My lovely Tetratec EX2400 external filter came today, lovely stuff!! I am going to run it in sync with the current filter system (Aqua 1) so that by the time my larger tank is here the larger main filter (Tetratec) will be cycled and ready...is that correct?

Followed the instructions but stuck, I cant get the water from the inlet to properly siphon....Im pumping like a mad man but canot raise the tank any higher or the filter any lower...!? Bit stuck at momment


----------



## Frase (Jul 13, 2009)

not sure what to suggest, are you sure your inlet/outlet are in the right holes on the top of your filter? Have you got the rubber seal around the line of the top of the filter? Other than that, keep it turned off and pump as much as pos til its moving on its own.


----------



## karlb123 (Jul 20, 2009)

Helpppp!!! Its not working!! Ive had it working for past 2 days ok and came home from work and was doing other stuff around the house, entered the fishy/turt room and there was silence no water noise...oddd...realised the filters not pumping anything and it was plugged in....so some how its made itself run dry =( now wont work.... whats happend, motor burn out?


----------



## tigerpaws (Feb 21, 2009)

the motor uses the water from the tank as a coolant .. 

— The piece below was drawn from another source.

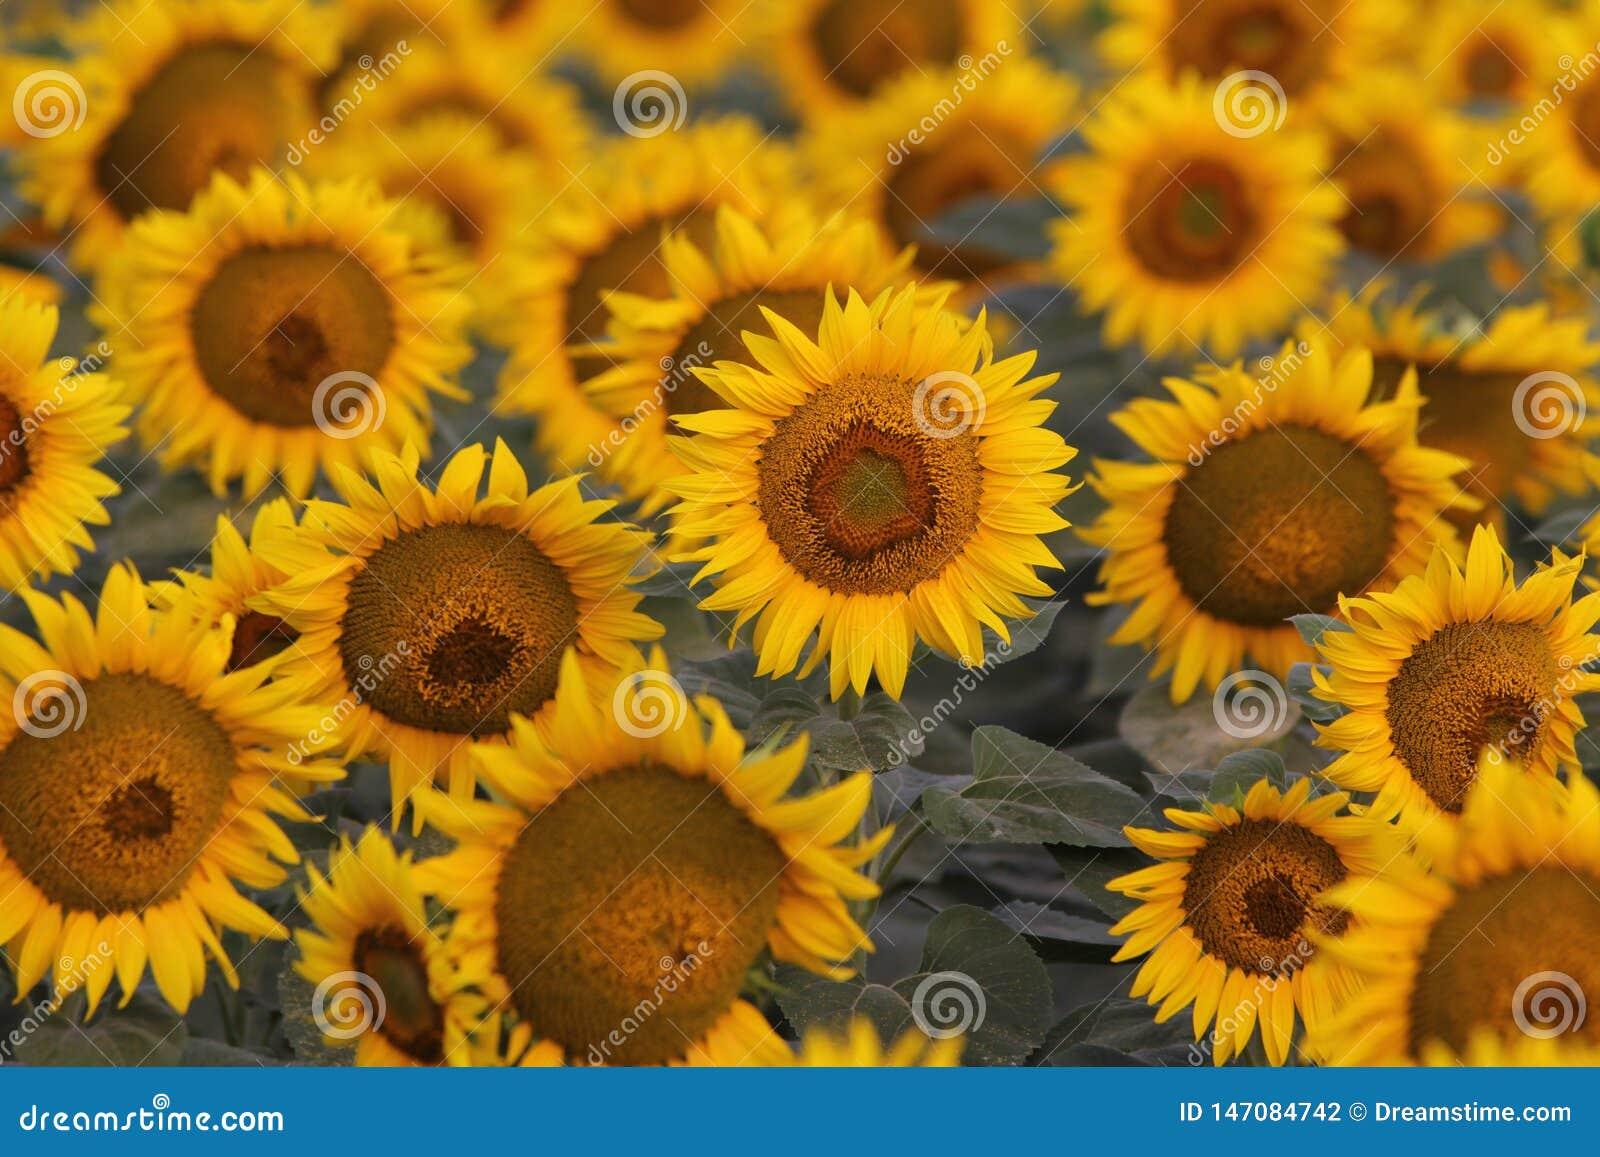 高兴的向日葵在阳光下

leave it off for 3 hours .. and try again .. 


still no luck .. 


spend some money on a new filter ... or try and go for warranty replacement 

Alan


----------



## TroJon (Aug 20, 2009)

Put the inlet in the tank where it's meant to go and then where the outlet is- i.e. spraybar or lily outlet, suck on the pipe to draw water into the filter, put the outlet into place. Once water has stopped draining down into the filter, just turn it on, knock the filter unit about a bit to get rid of bubbles and it should be good to go.

Just to be sure, you are keeping the filter unit below the fishtank right?


----------